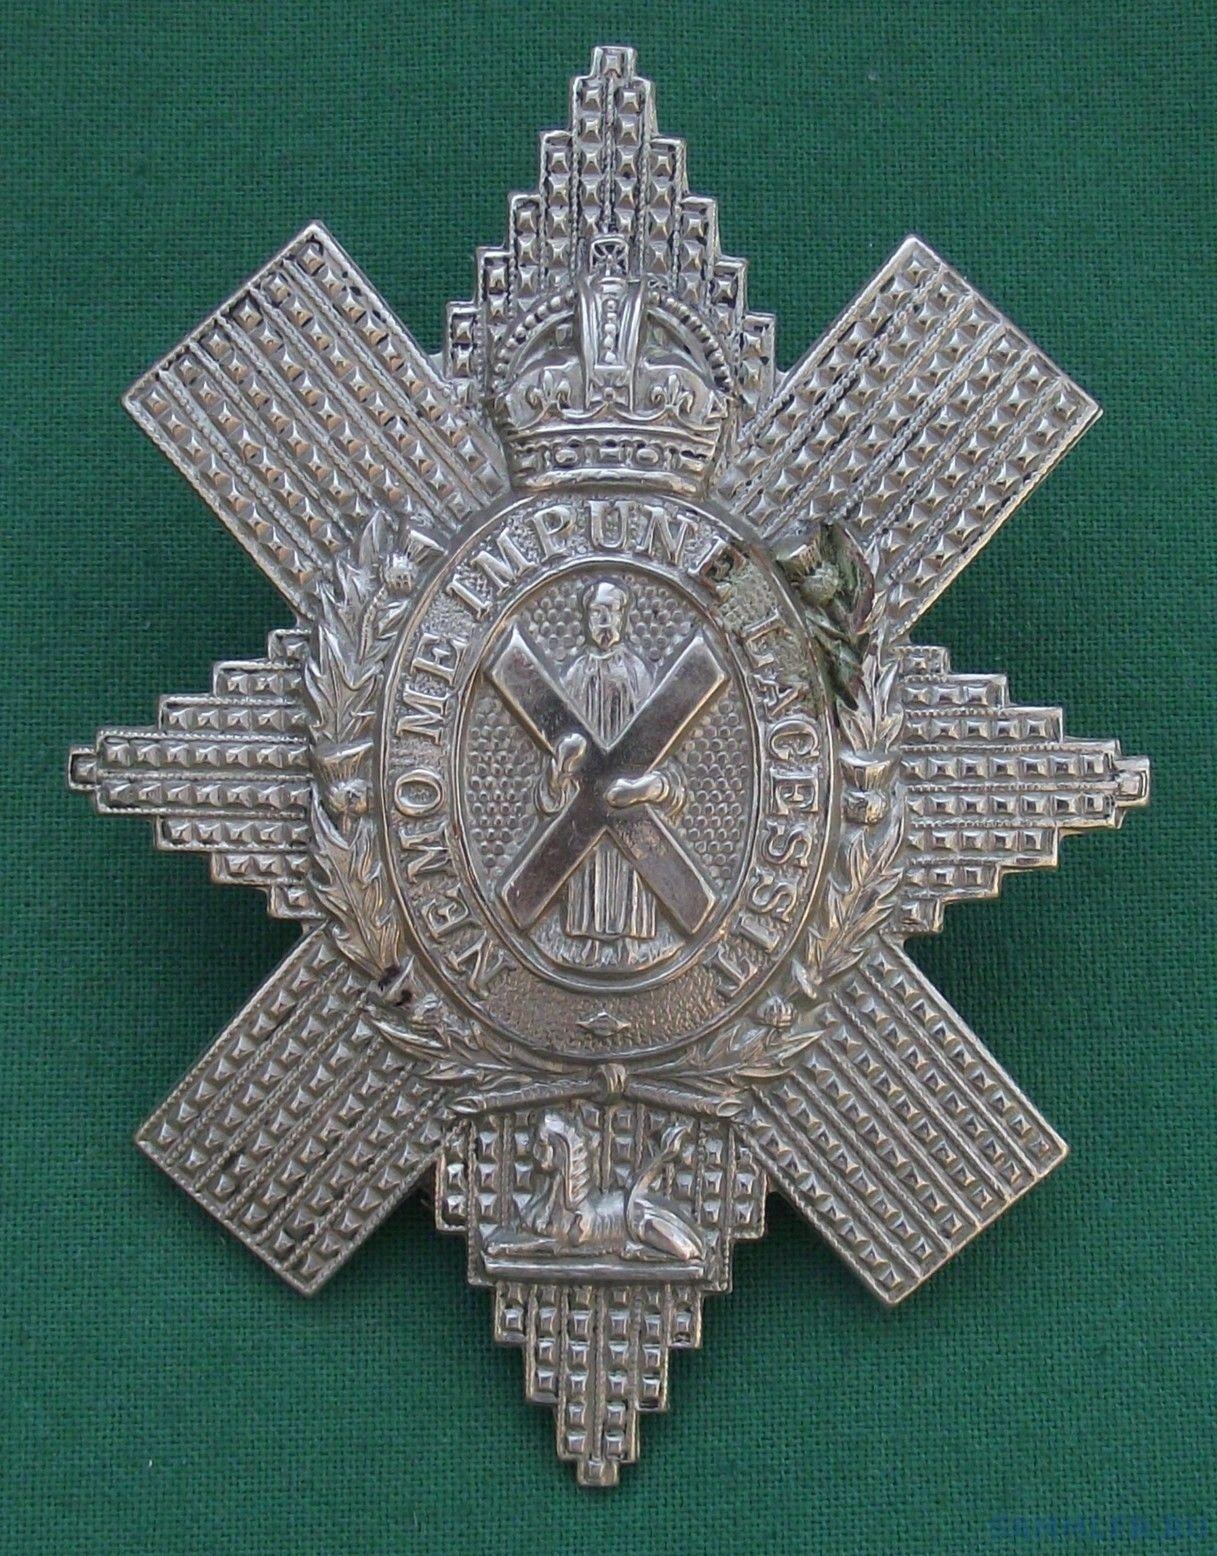 The-Black-Watch-100-Genuine-WW2-British-_57.jpg
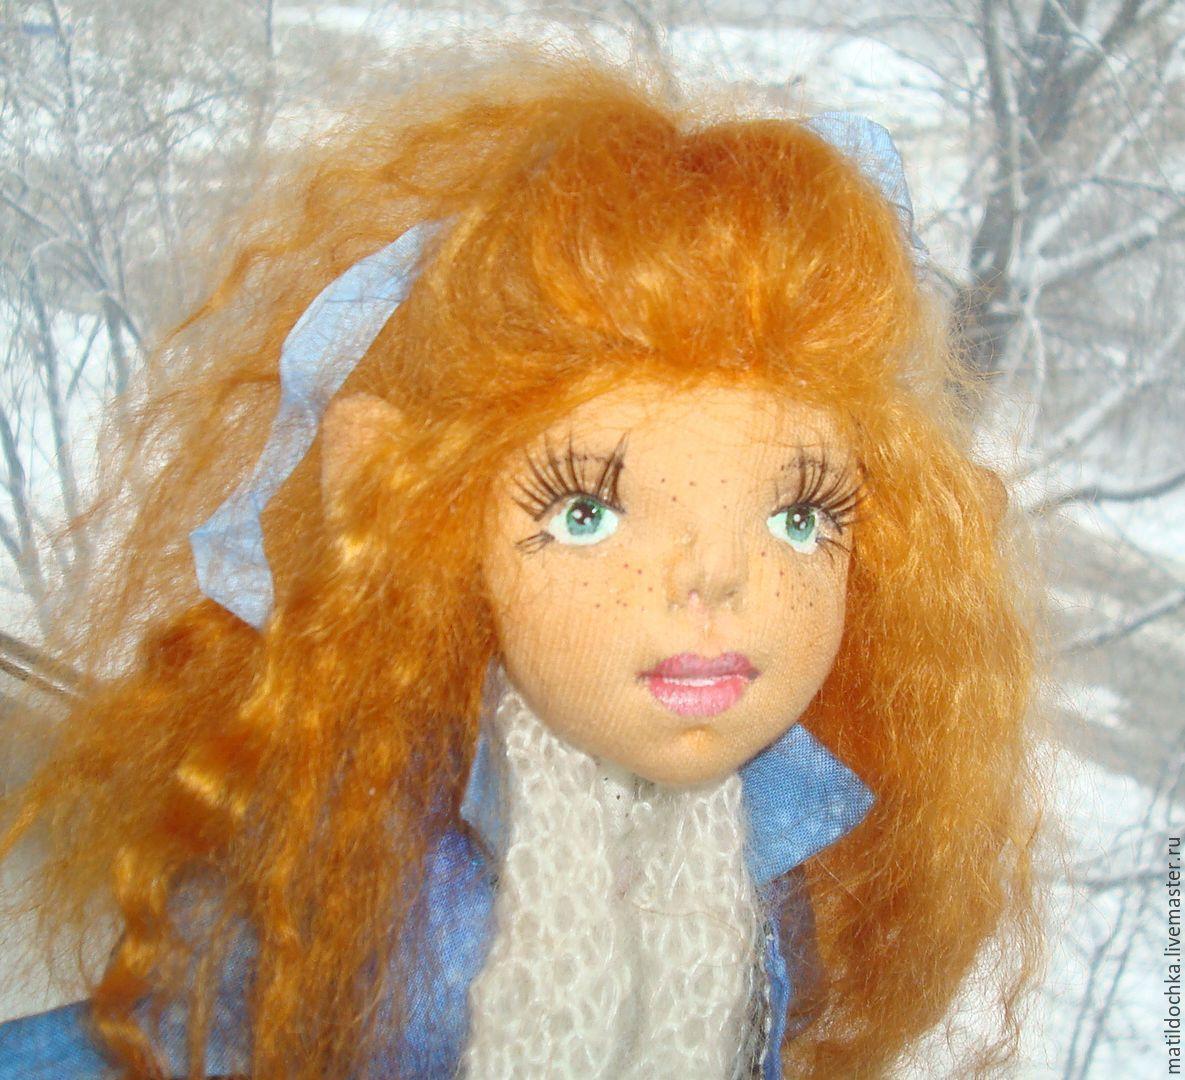 Кукла Эльфиечка. Фото №2
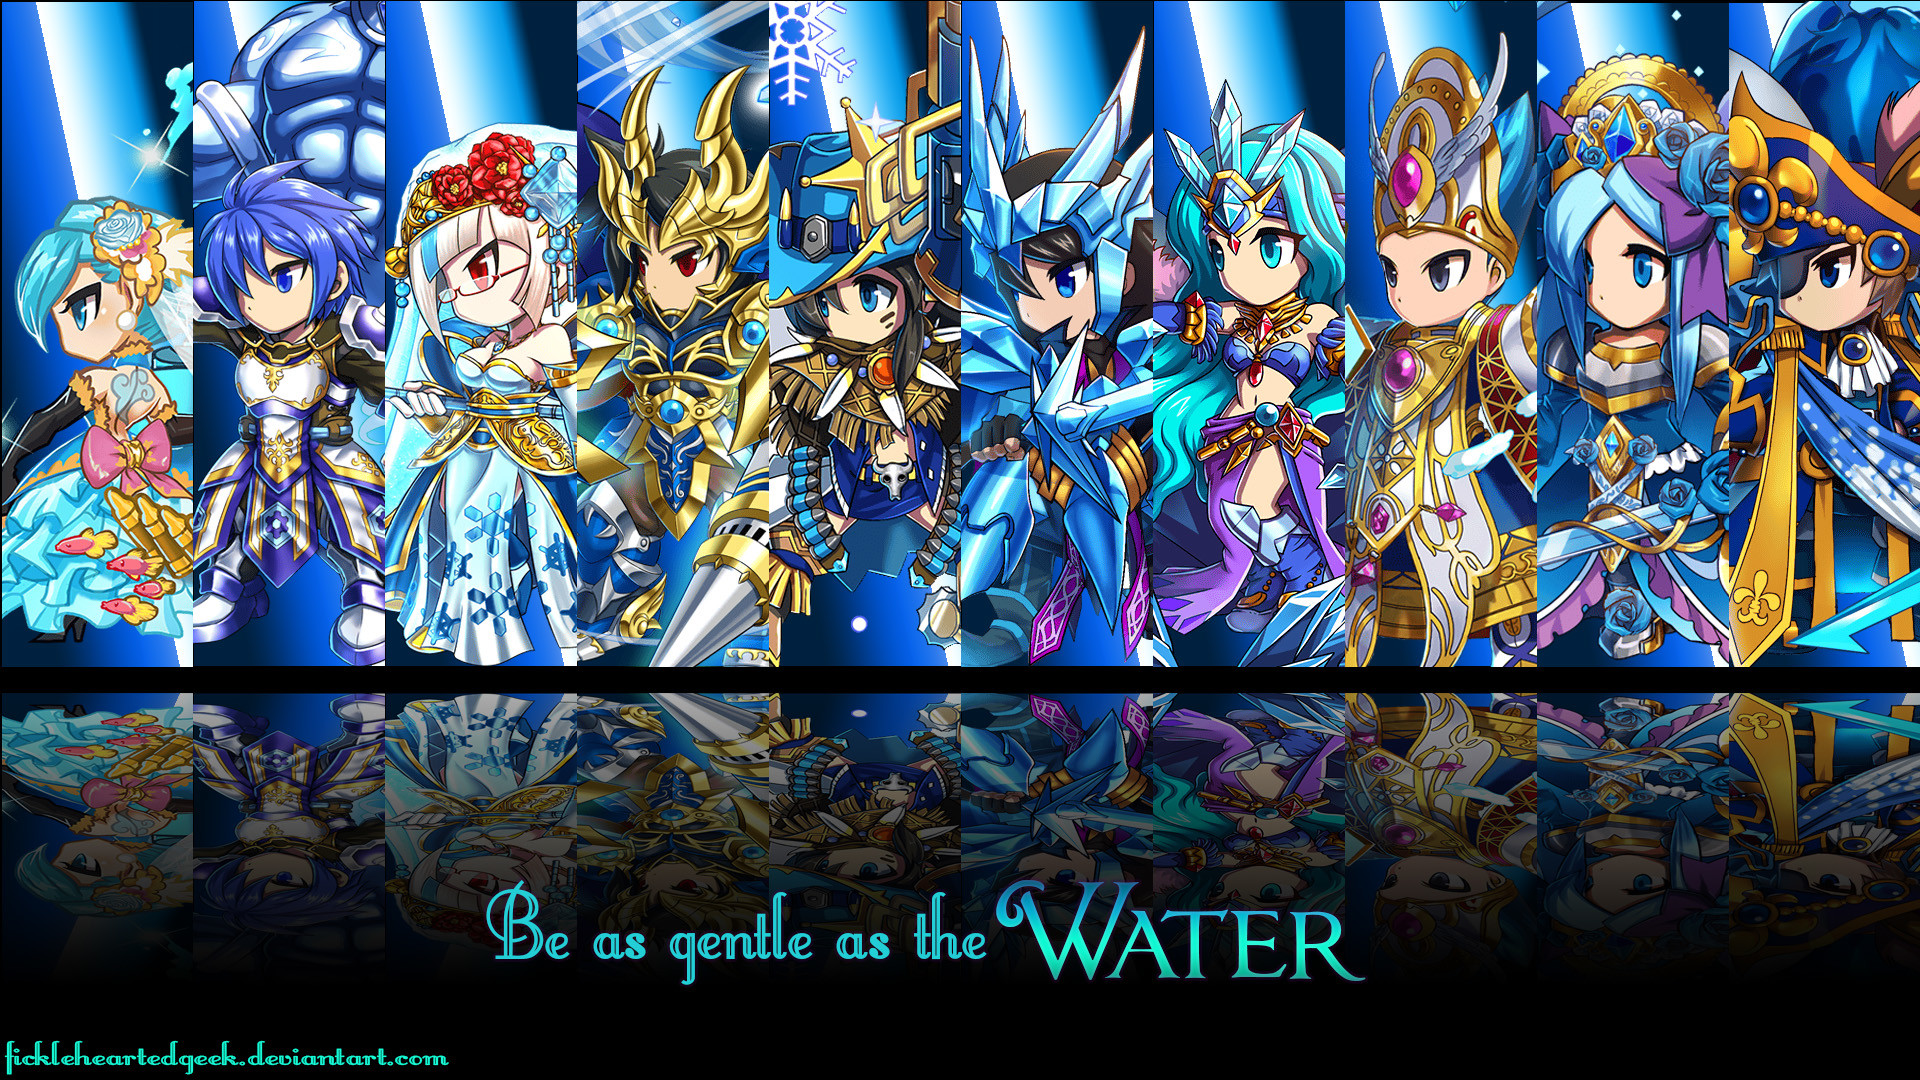 Download Kikuri Brave Frontier 6 Star Brave frontier water units
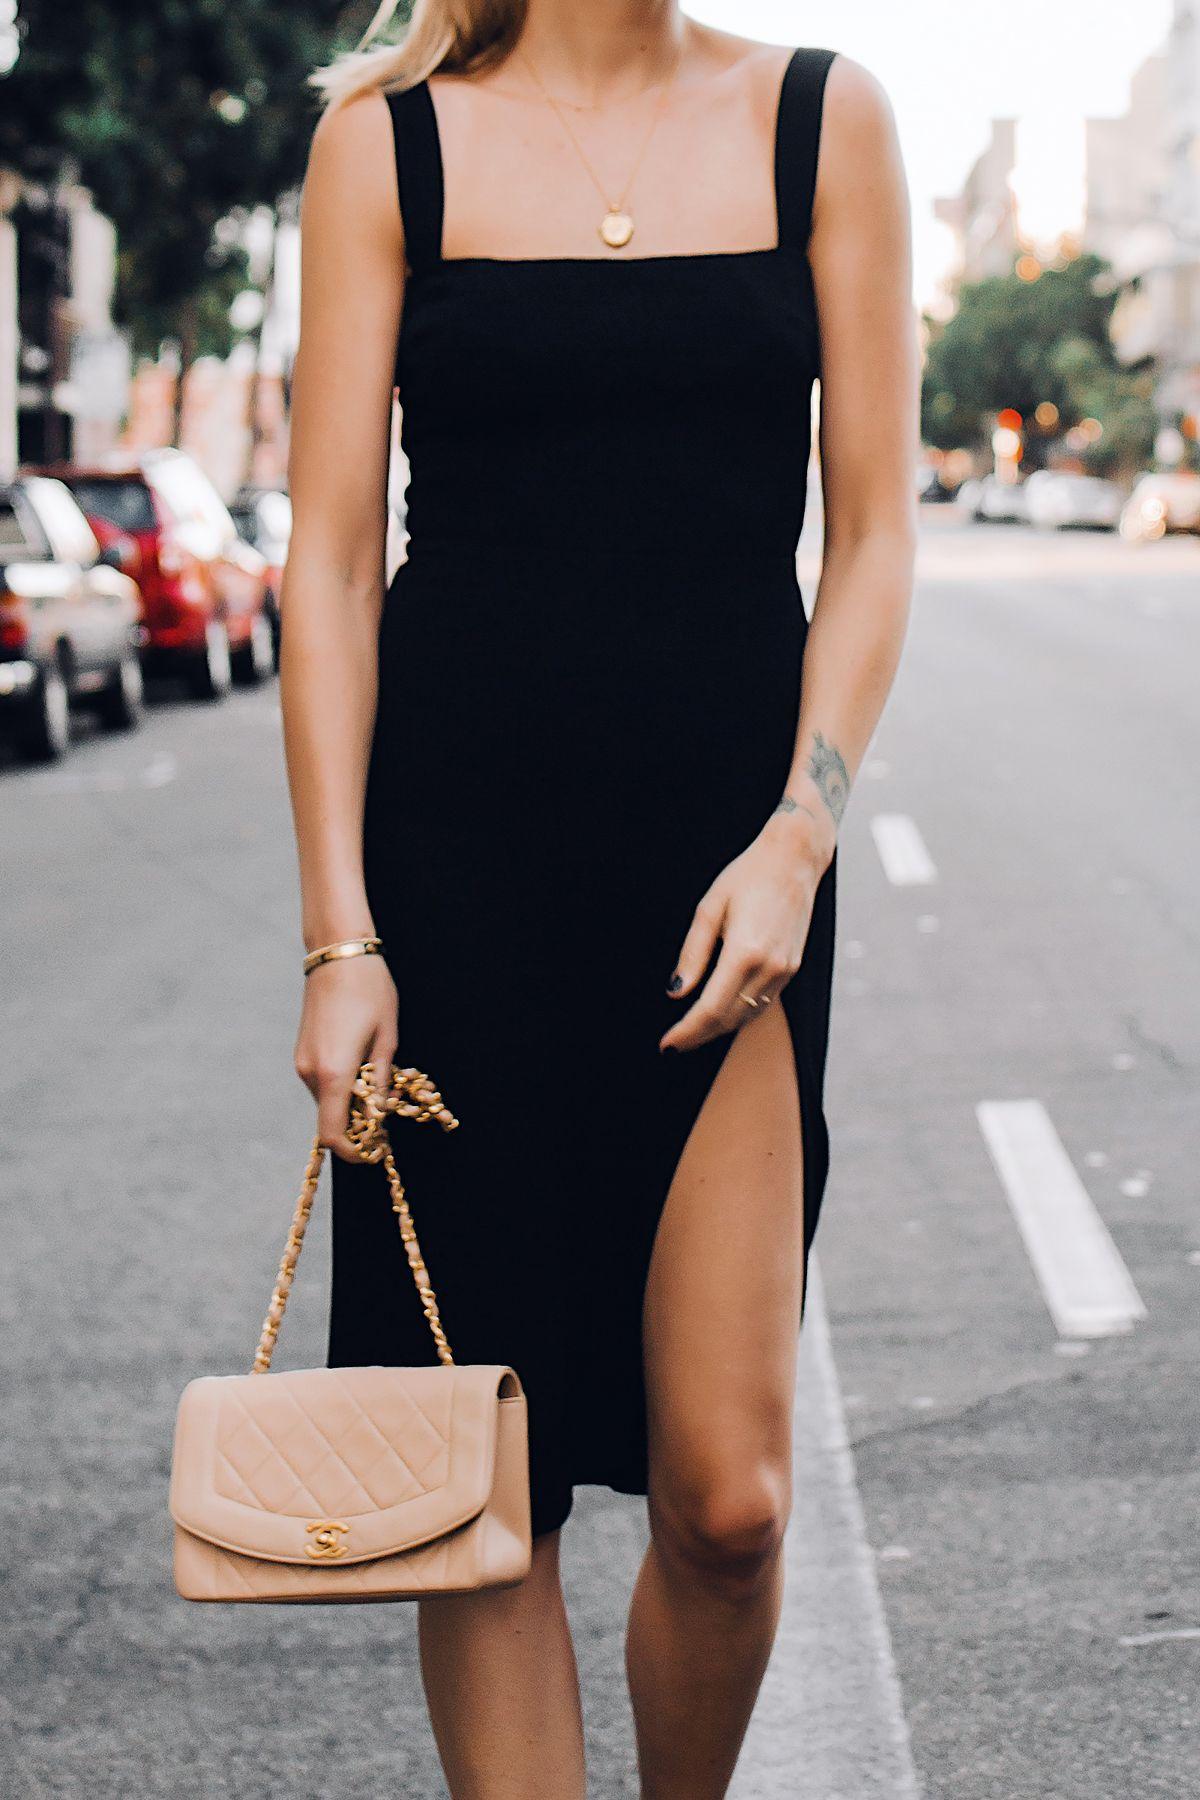 Woman Wearing Reformation Black Dress Chanel Tan Diana Handbag Gold Coin Necklace Fashion Jackson Dresses To Wear To A Wedding Black Dresses Classy Black Dress [ 1800 x 1200 Pixel ]
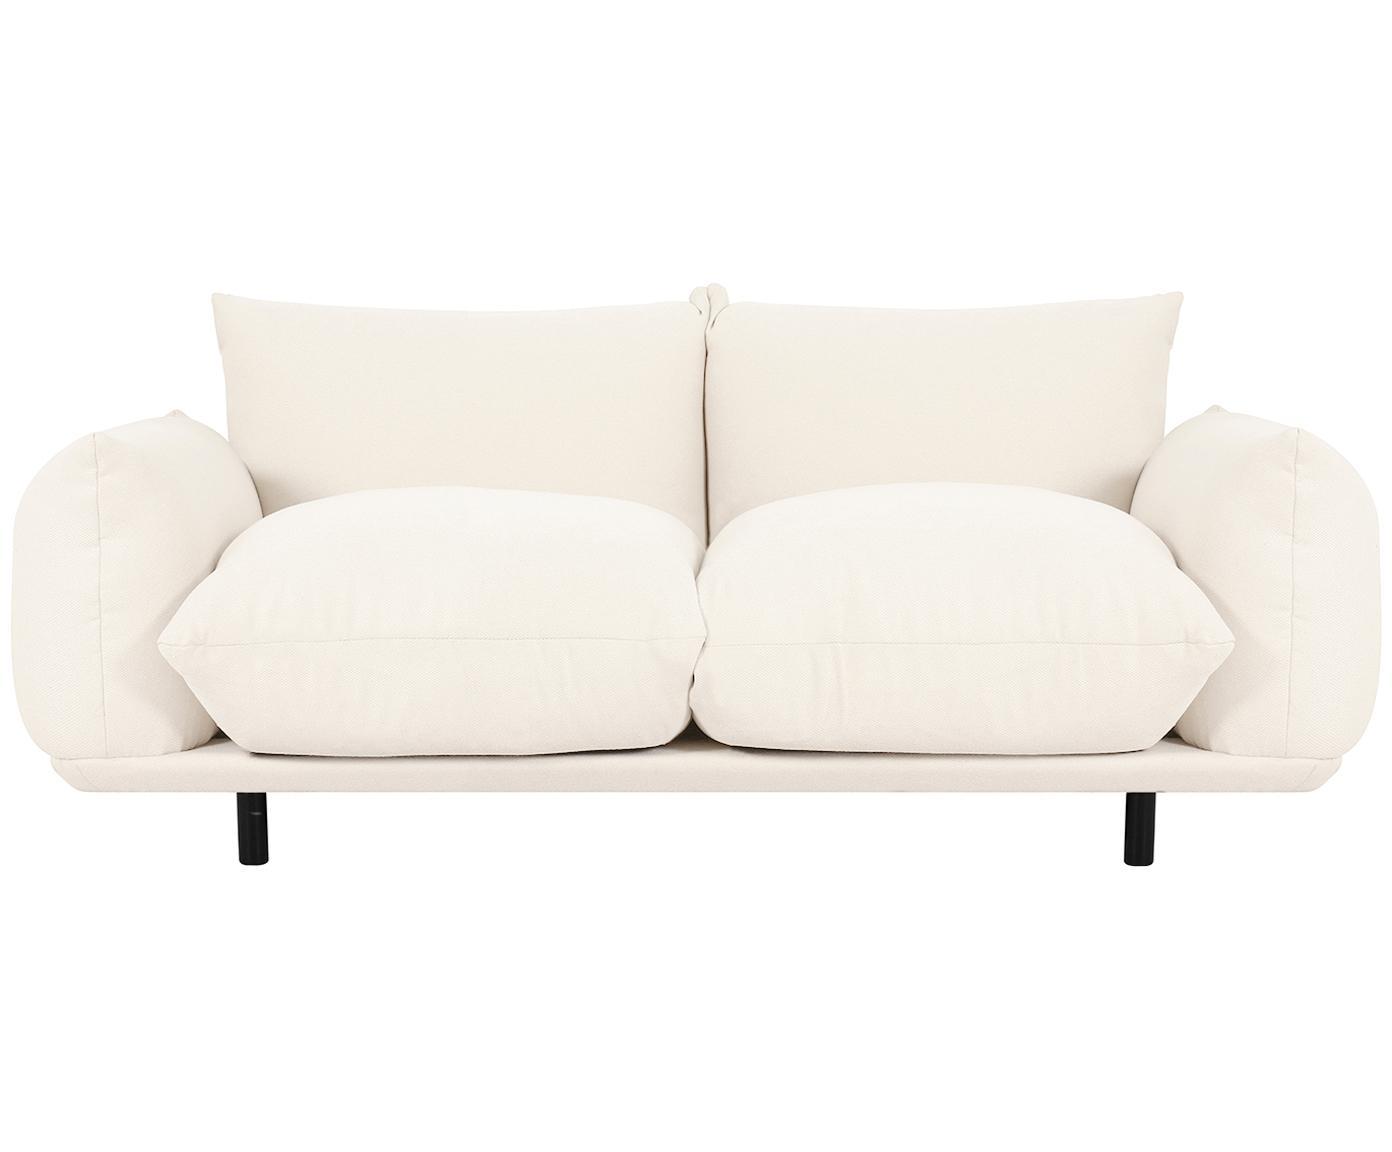 Sofa Saga (2-Sitzer), Bezug: 100% Polyester 35.000 Sch, Gestell: Massives Birkenholz, Füße: Metall, pulverbeschichtet, Webstoff Beige, B 170 x T 103 cm
+--
■ REQUIREMENT
Reproduce the data above word for word, but leave the images out.

■ WORKED SOLUTION
 The-Black-Watch-100-Genuine-WW2-British-_57.jpg
 Кукла Эльфиечка. Фото №2
 Download Kikuri Brave Frontier 6 Star Brave frontier water units
 Woman Wearing Reformation Black Dress Chanel Tan Diana Handbag Gold Coin Necklace Fashion Jackson Dresses To Wear To A Wedding Black Dresses Classy Black Dress [ 1800 x 1200 Pixel ]
 Sofa Saga (2-Sitzer), Bezug: 100% Polyester 35.000 Sch, Gestell: Massives Birkenholz, Füße: Metall, pulverbeschichtet, Webstoff Beige, B 170 x T 103 cm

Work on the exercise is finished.